Without index there are no statistics for the engine to understand distribution of rows in the table. This may make it hard for the engine to understand how it must distribute the work across multiple threads for parallel insert. Which could explain this variance.
To prevent this issue I put an index on the staging table. This indeed removed the variance from the performance but it still did not give the expected throughput. The queryplan for the load process showed that parallelism was not used yet. An interesting read here: Real World Parallel INSERT…SELECT: What else you need to know! – Microsoft Community Hub. I realized that the index I had on the datastore table was preventing the engine from being able to use parallelism. I removed that index and now it looks like the query and tables are setup correctly for comparison.

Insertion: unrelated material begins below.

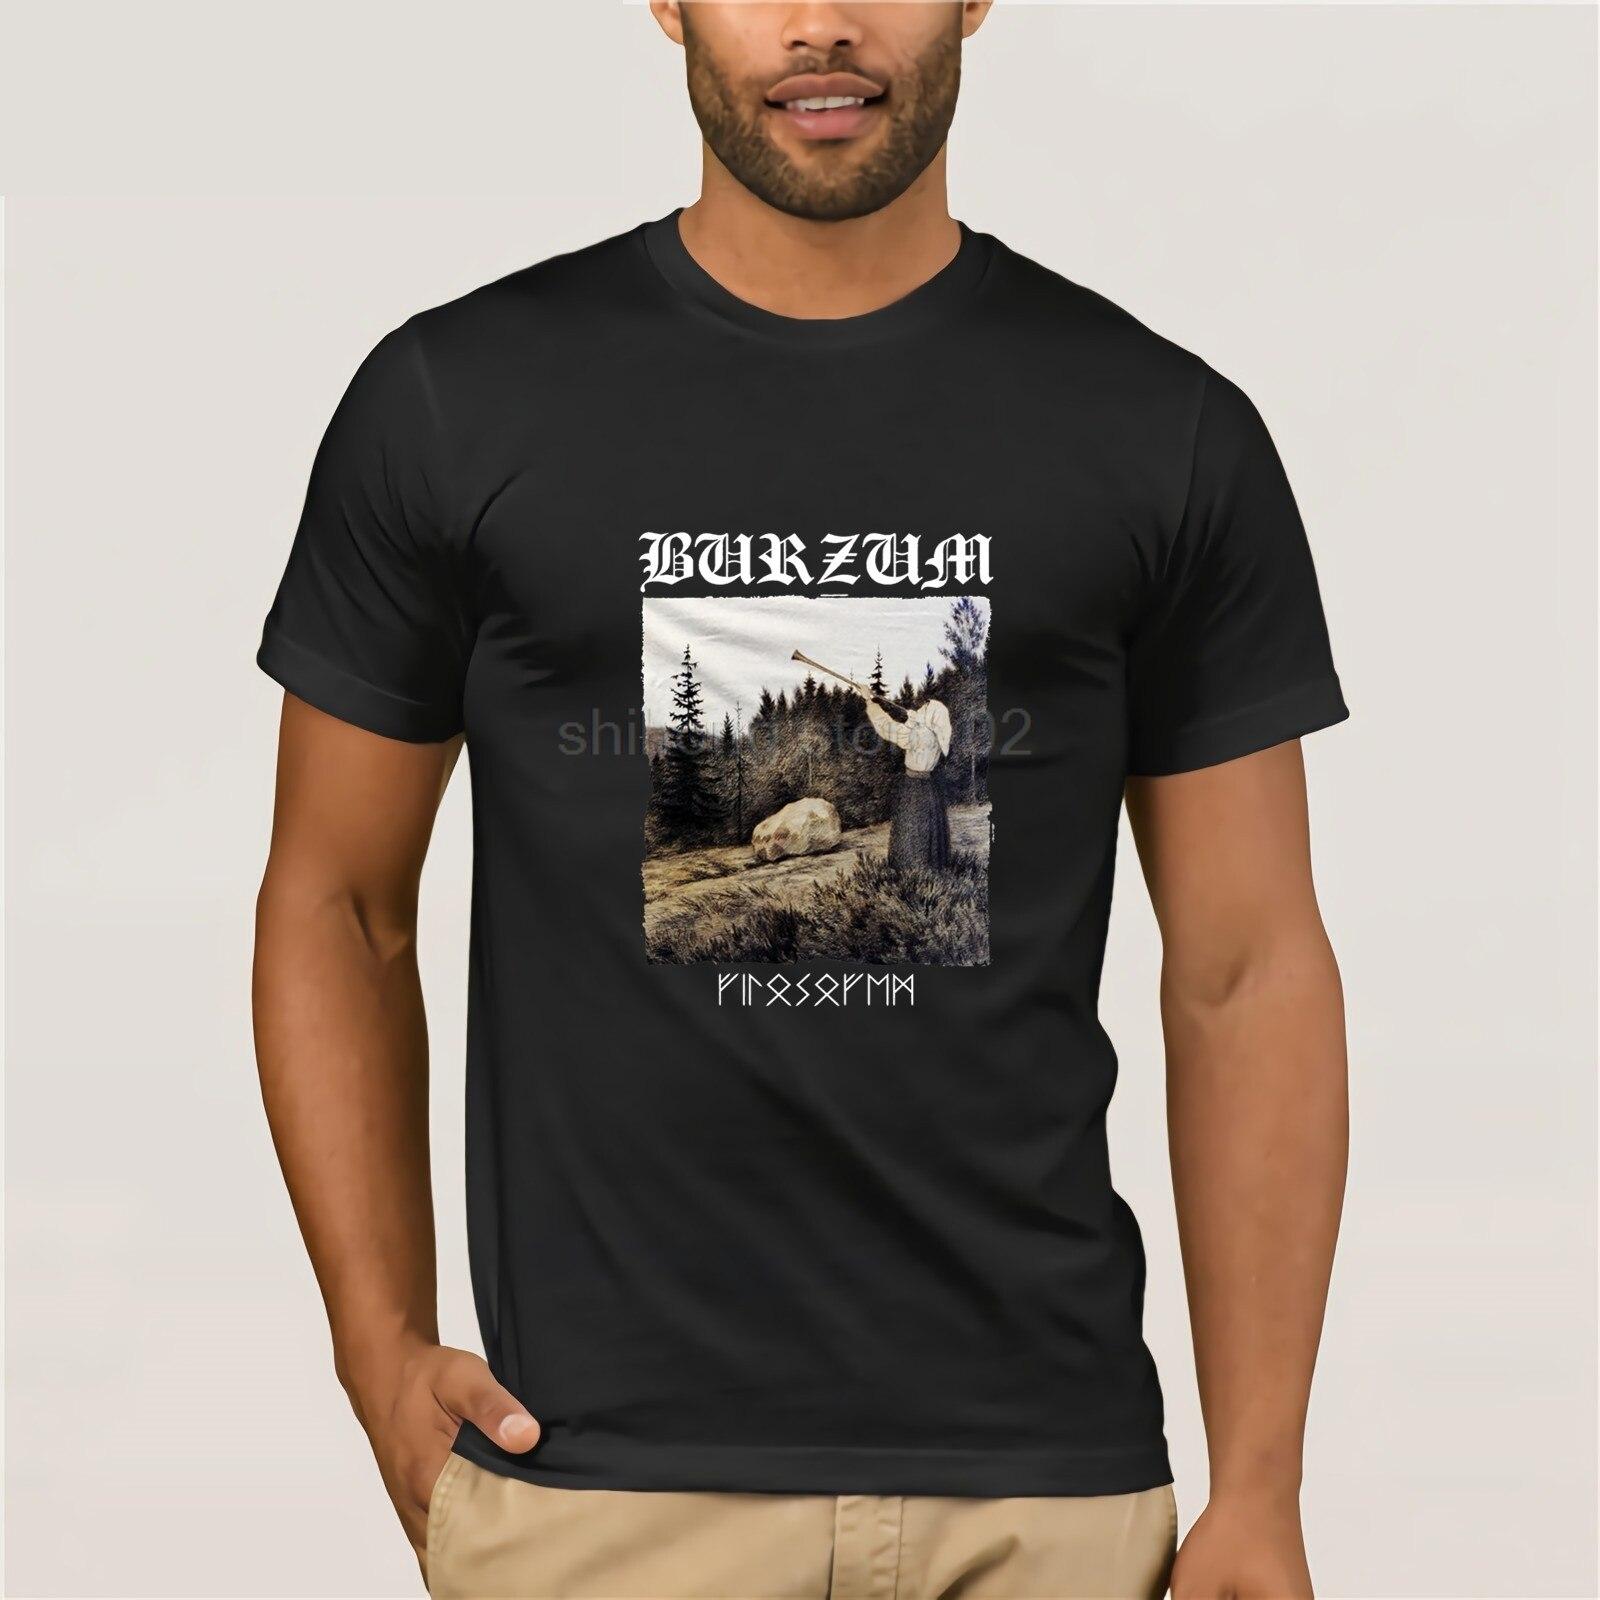 FILOSOFEM BRZM T SHIRT Black Metal Mayhem Darkthrone Bathory Emperor Mens Tops Cool O Neck T-Shirt Top Tee Plus Size

Initial conclusions (or open doors)
- For parallelism to work the table you are inserting into must not contain a row store index
- The engine must know something about the source data your are loading so it can distribute work in the most optimal way.

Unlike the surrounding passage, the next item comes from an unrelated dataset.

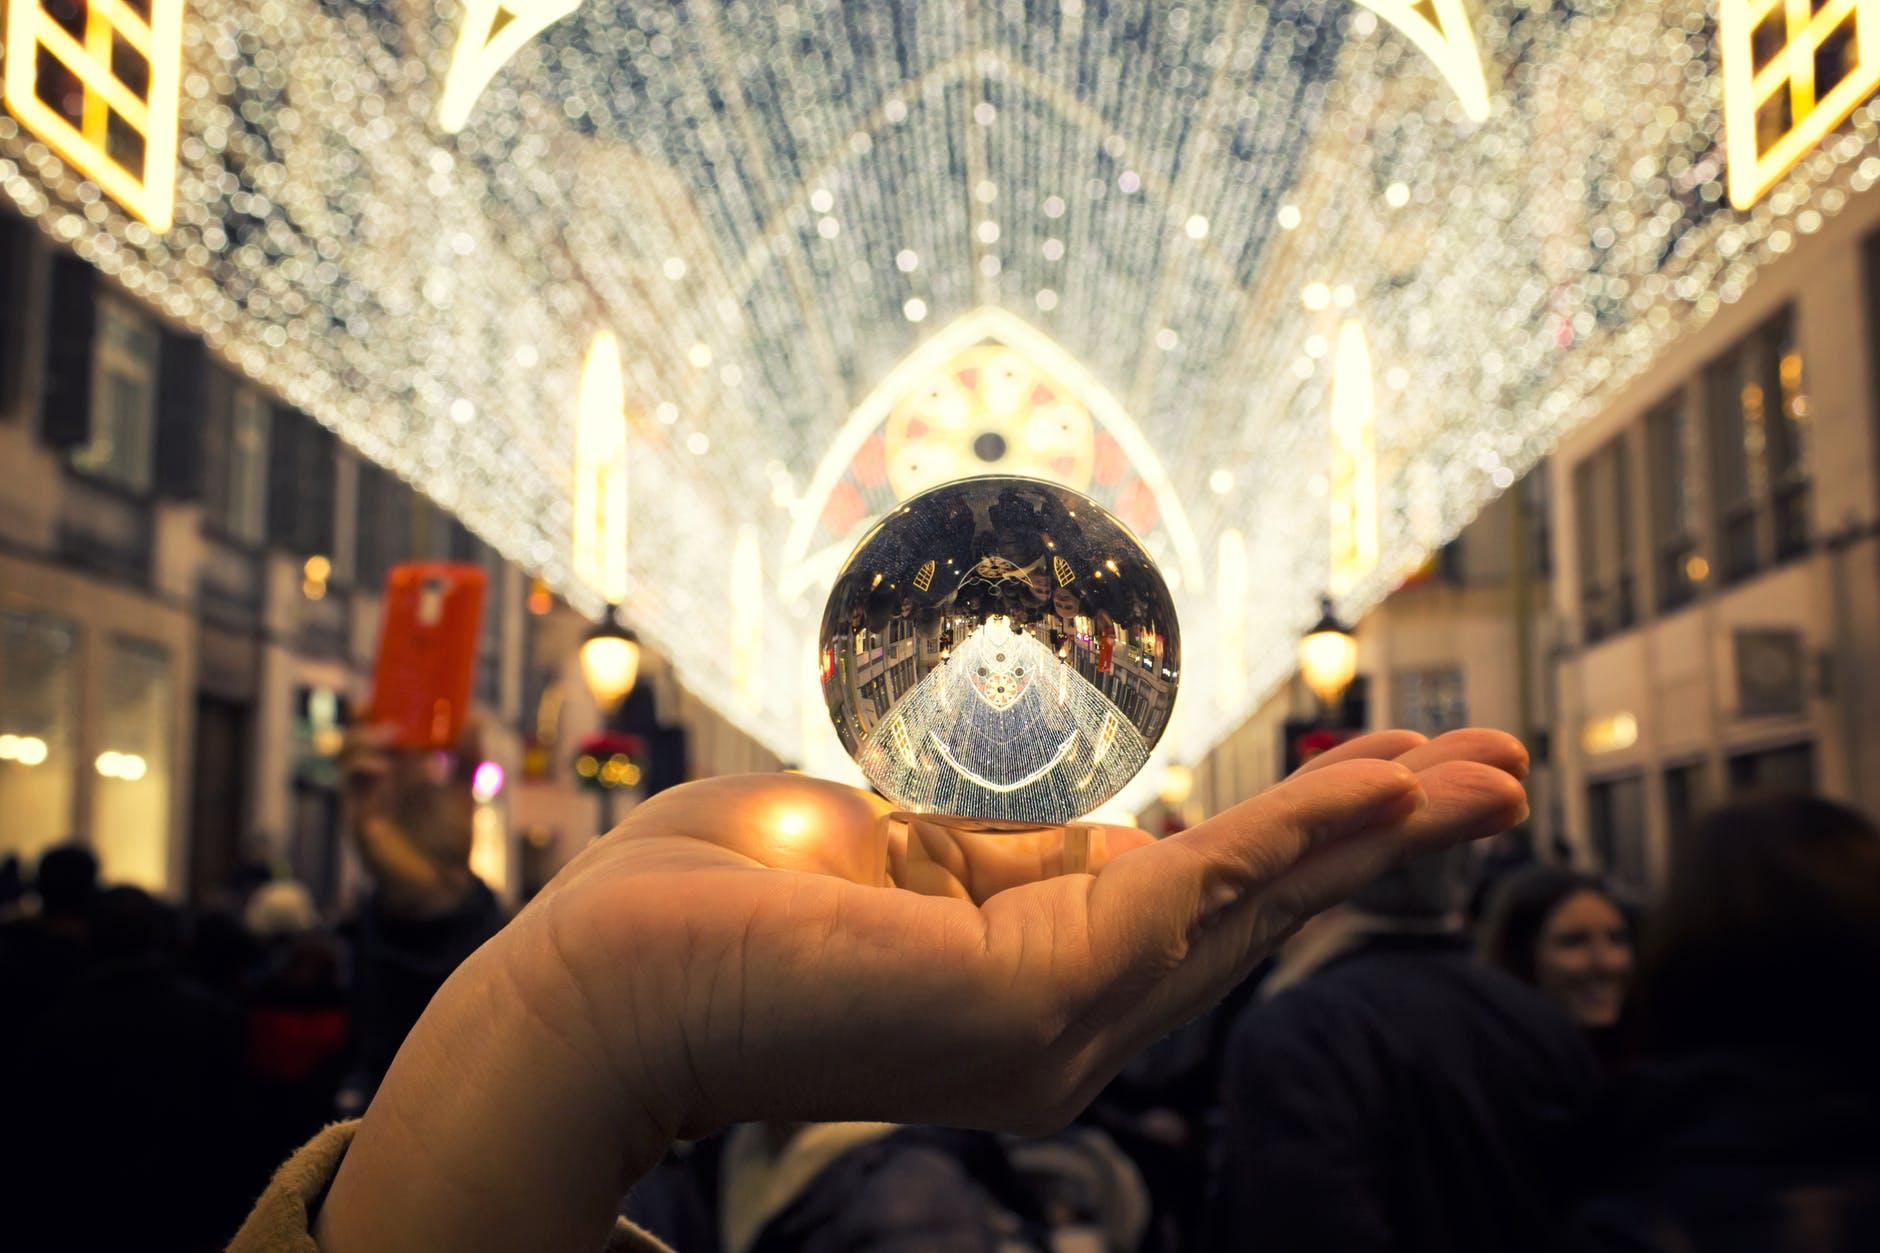 person holding round silver colored accessory

- This means statistics, which means index
- Balanced data distributors increase the speed of file extraction process in SSIS
Experimental setup
- Database
- SQL Server 2019
- Simple recovery
- Staging table has it’s index dropped prior to extraction process
- Before loading from staging into datastore an index is put onto staging table
- Datastore table has no index to enable parallel insert
- Computer
- 16 GB memory
- 14 Cores
Limitations
For practical purposes this experiment has many limitations which can be improved upon. I will list a few that came to mind below:
- Testfile
- Sequential values in the rows instead of random values
- No columns with repeated values like a boolean Yes\No
- Not a lot of different data types used
- Adding or removing columns will impact results
- Database
- Index type used could be improved or made a variable in the experiment
- The type of index and how much improvement it will give is also related to the data in the test file itself.
- Randomness
- The measures taken to eliminate randomness in the experiment may have led to overall sub optimization. If we allow for some randomness in our performance it may on average lead to faster speed.
- Measurements
- Speed calculation are all relative so you’d have to perform your own experiments to arrive at what would happen in your own environments
- Calculating back the speed to MB’s per second is not an indication of raw IO speed of the disk achieved during the processing. This in fact may be more or less depending on the efficiency of the setup. I’ll include some graphs from resource monitor in a next blog post.